Como se vê, tanto na denúncia quanto na decisão de seu recebimento há um forte quid de imaginação e de ausência de elemento de realidade.

A doutrina desta Corte é bastante precisa a respeito da qualidade da denúncia.

É que denúncia imprecisa, genérica, vaga, além de traduzir persecução criminal injusta, é incompatível com o princípio da dignidade humana e com o postulado do direito à defesa e ao contraditório.

A propósito, vale transcrever trecho da ementa de acórdão de relatoria do eminente Ministro Celso de Mello:

“MINISTÉRIO PÚBLICO – APTIDÃO DA DENÚNCIA. O Ministério Público, para validamente formular a denúncia penal, deve ter por suporte uma necessária base empírica, a fim de que o exercício desse grave dever-poder não se transforme em instrumento de injusta persecução estatal. O ajuizamento da ação penal condenatória supõe a existência de justa causa, que se tem por inocorrente quando o comportamento atribuído ao réu ‘nem mesmo em tese constitui crime, ou quando, configurando uma infração penal, resulta de pura criação mental da acusação’ (RF 150/393, Rel. Min. OROZIMBO NONATO). A peça acusatória deve conter a exposição do fato delituoso em toda a sua essência e com todas as suas circunstâncias. Essa narração, ainda que sucinta, impõe-se ao acusador como exigência derivada do postulado constitucional que assegura ao réu o pleno exercício do direito de defesa.
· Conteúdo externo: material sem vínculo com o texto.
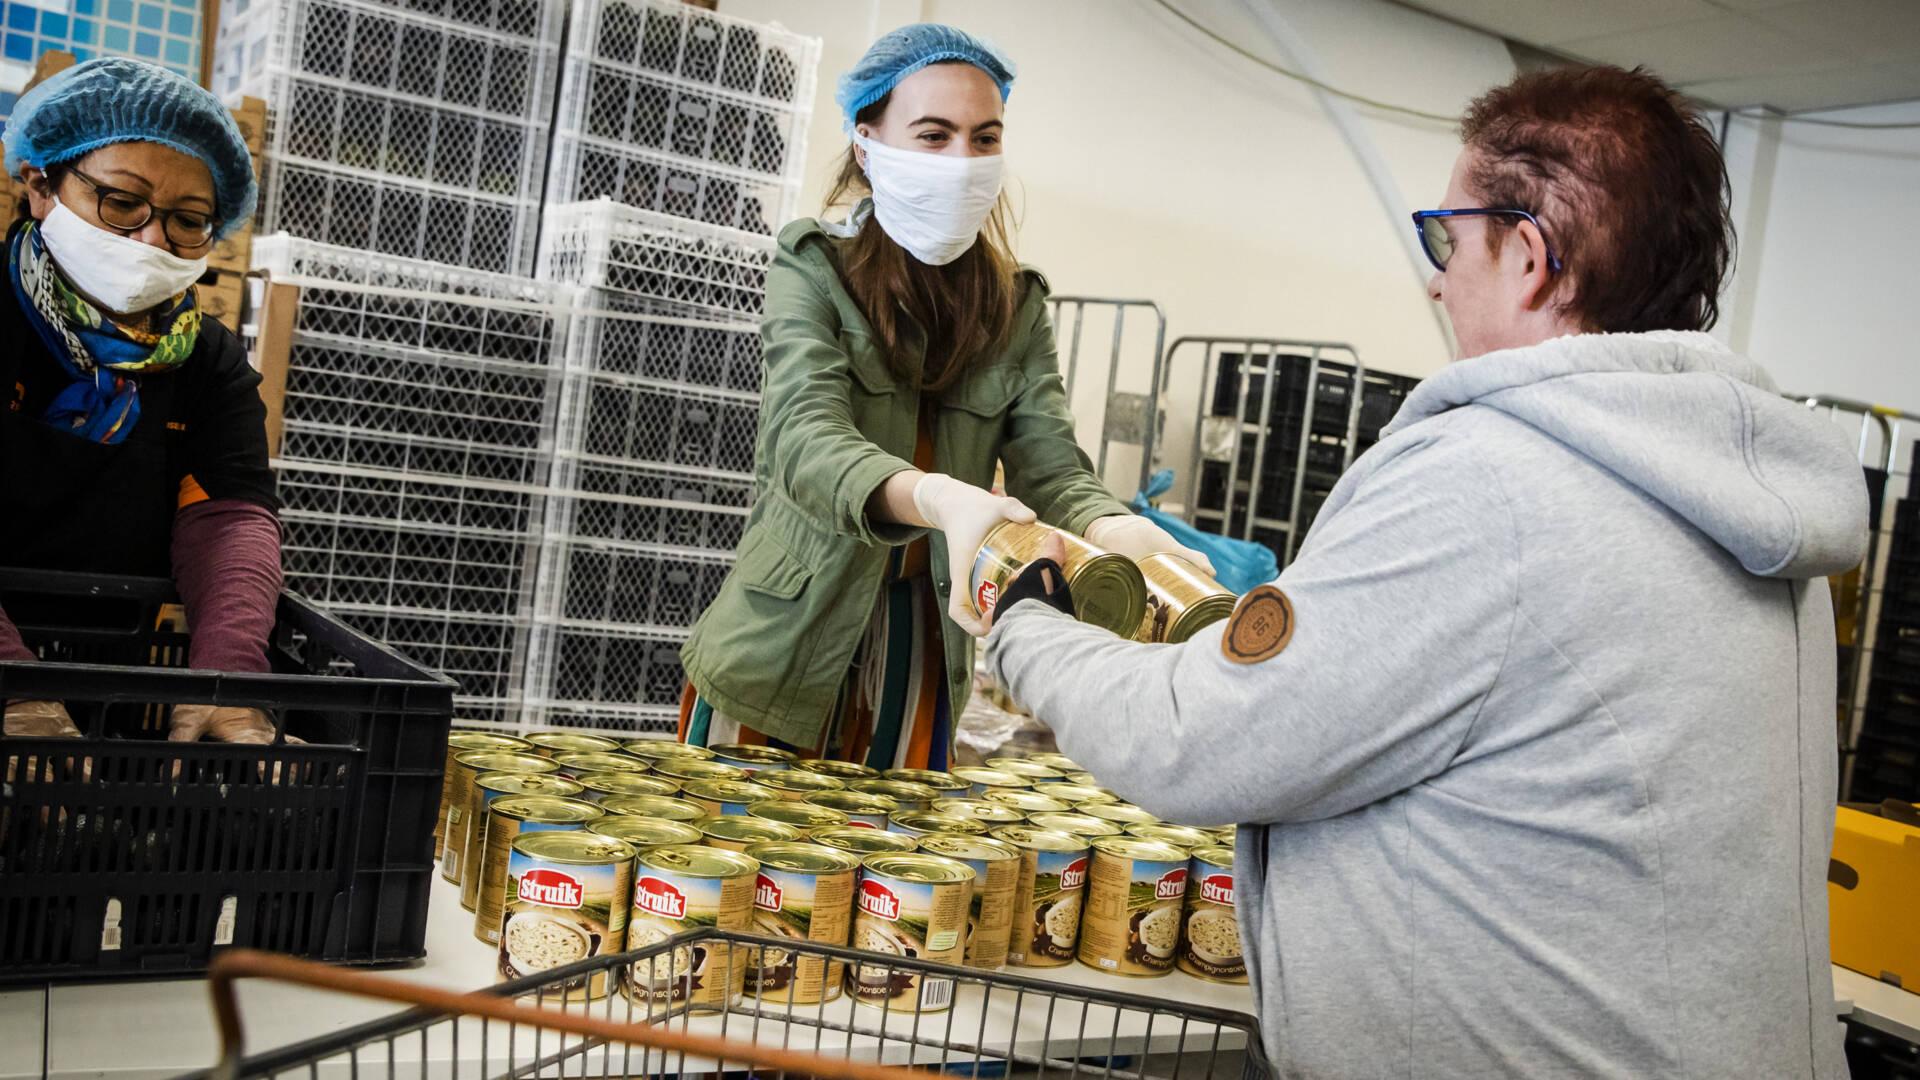 بنوك الطعام فارغة بسبب قلة التبرعات الغذائية

Denúncia que não descreve adequadamente o fato criminoso é denúncia inepta.” (HC 73.271, DJ 04.10.94)

Em outro habeas corpus, também da relatoria do Ministro Celso de Mello extrai-se o seguinte excerto:

“O processo penal de tipo acusatório repele, por ofensivas à garantia da plenitude de defesa, quaisquer imputações que se mostrem indeterminadas, vagas, contraditórias, omissas ou ambíguas. Existe, na perspectiva dos princípios constitucionais que regem o processo penal, um nexo de indiscutível vinculação entre a obrigação estatal de oferecer acusação formalmente precisa e juridicamente apta e o direito individual de que dispõe o acusado a ampla defesa. A imputação penal omissa ou deficiente, além de constituir transgressão do dever jurídico que se impõe ao Estado, qualifica-se como causa de nulidade processual absoluta. A denúncia – enquanto instrumento formalmente consubstanciador da acusação penal – constitui peça processual de indiscutível relevo jurídico. Ela, ao delimitar o âmbito temático da imputação penal, define a própria res in judicio deducta. A peca acusatória deve conter a exposição do fato delituoso, em toda a sua essência e com todas as suas circunstâncias. Essa narração, ainda que sucinta, impõe-se ao acusador como exigência derivada do postulado constitucional que assegura ao réu o exercício, em plenitude, do direito de defesa. Denúncia que não descreve adequadamente o fato criminoso é denúncia inepta.” (HC 70.763, DJ 23.09.94)

Ressalte-se que, na espécie, não se está a discutir matéria probatória – se a interceptação teria efetivamente ocorrido ou não -, pois tal exame poderia transcender os limites estreitos do habeas corpus e não há nos autos elementos suficientes para uma análise categórica a esse respeito.

Assinale-se, por inegável, que a petição, posteriormente, apresentada pelo impetrante com transcrição de depoimentos das testemunhas parece evidenciar que, efetivamente, não houve a cogitada escuta.

Não é imprescindível, porém, definir tal questão no âmbito do presente habeas corpus.

Assim, independentemente de qualquer outra consideração, afigura-se inequívoco que a denúncia, tal como posta, não preenche os requisitos para o desenrolar de uma ação penal garantidora do legítimo direito de defesa.

Nesses termos, em face da manifesta inépcia da denúncia, o meu voto é no sentido de também quanto à segunda imputação atribuída ao paciente (art. 10 da Lei nº 9.296/96) conceder a ordem de habeas corpus.